2. The background of the matter is that the Petitioners were jointly charged with one other co-accused with 2 counts of the offence of robbery with violence contrary to Section 296(2) of the Penal Code in Eldoret Chief Magistrate’s Court Criminal Case No. 699 of 2007.
3. The particulars of the 2 counts were that on 21/01/2007 at Mulima village, Lugari District, jointly with others not before Court, while armed with dangerous weapons, namely, a pistol and pangas, robbed a couple of a motor vehicle, cash and other assorted personal belongings, and that immediately after the time of such robbery, they wounded their said victims. The 1st Petitioner and the co-accused were also jointly charged with 2 counts of the alternative offence of handling stolen property contrary to Section 322(2) of the Penal Code.
4. The Petitioners and their co-accused all pleaded not guilty and the case then proceeded to full trial. Upon close of the trial, the Court by its Judgment delivered on 24/12/2007, found that the prosecution had only established the ingridients of the lesser offence of “simple robbery” under Section 296 (1) of the Penal Code against the Petitioners and also the alternative charge of handling stolen property contrary to Section 275 of the Penal Code against the 1st Petitioner and the co-accused. Accordingly, while their co-accused escaped with a lighter 18 months imprisonment sentence, the Petitioners were sentenced to 4 years imprisonment.
5. Dissatisfied with the decision, the Petitioners filed respective appeals, namely, Eldoret High Court Criminal Appeal No. 146 and 147 of 2010 which were then consolidated. The Appeal was heard by a 2-judge bench (F. Azangalala and A. Mshila, JJ) which by its Judgment delivered on 31/01/2013, found that the prosecution had, in fact, proven the main charge of “robbery with violence” and that the trial Court erred in finding that only the charge of “simple robbery” had been proved. The High Court therefore substituted the conviction and also substituted the 4 years prison sentence with one of 25 years imprisonment.
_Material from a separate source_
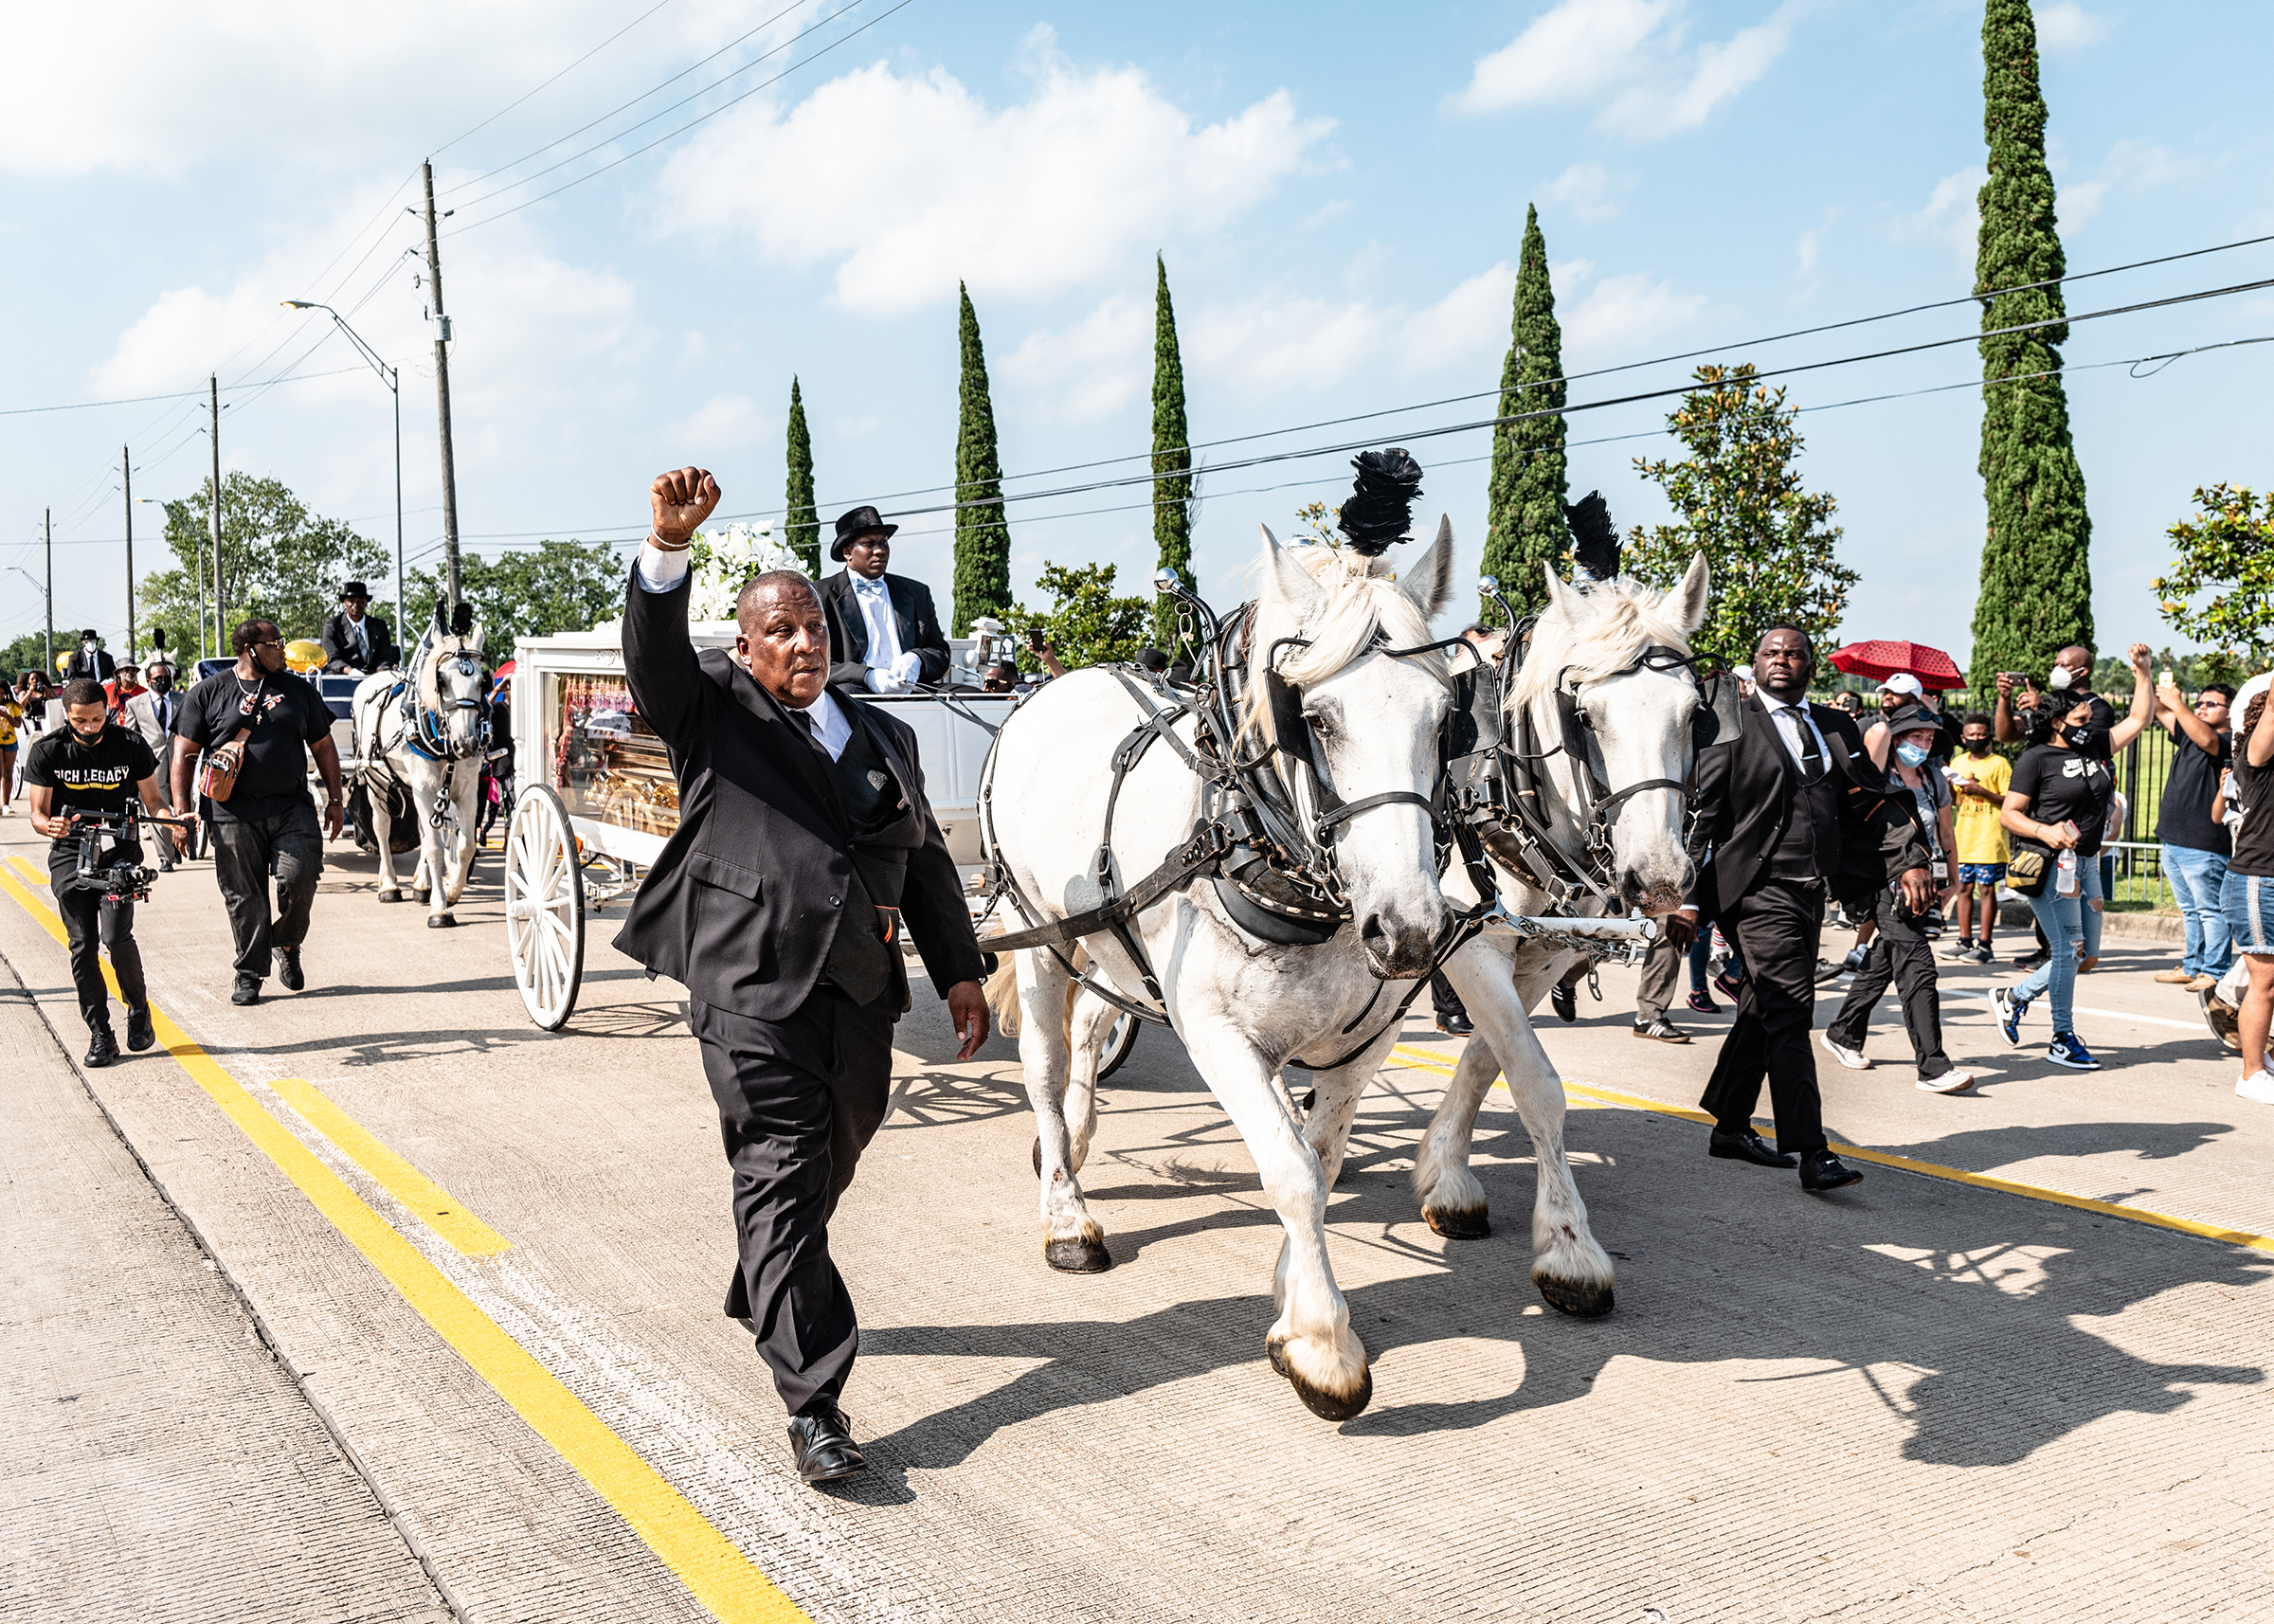 A horse-drawn carriage brought Floyd’s body into the cemetery on June 9. “It felt like a state funeral,” Roye said. “It felt like they were sending him off with the newfound persona that he had been catapulted into, and this was one of the ways to honor what he became. It felt right.” (Ruddy Roye for TIME)

6. Again, aggrieved by the above further decision, the Petitioners preferred a second appeal to the Court of Appeal vide Eldoret Court of Appeal Criminal Appeal No. 76 of 2014. In its Judgment delivered on 28/10/2016, the Court of Appeal dismissed the appeal on conviction but on sentence, held that the High Court had erred in sentencing the Appellant to the lesser prison term of 25 years. The Court therefore set aside the sentence and substituted it with an enhanced one of the death penalty.
7. The Petitioners have now, after exhausting their appeal avenues, returned to this Court with the respective (now consolidated) identical but undated Petitions seeking review of their sentences on the ground that the mandatory death sentence imposed on them is in violation of their fundamental rights. According to them, the mandatory death sentence is unconstitutional. They have relied on the case of Francis Karioko Muruatetu & Another vs. Republic [2017] eKLR which declared statutory mandatory sentences to be unconstitutional.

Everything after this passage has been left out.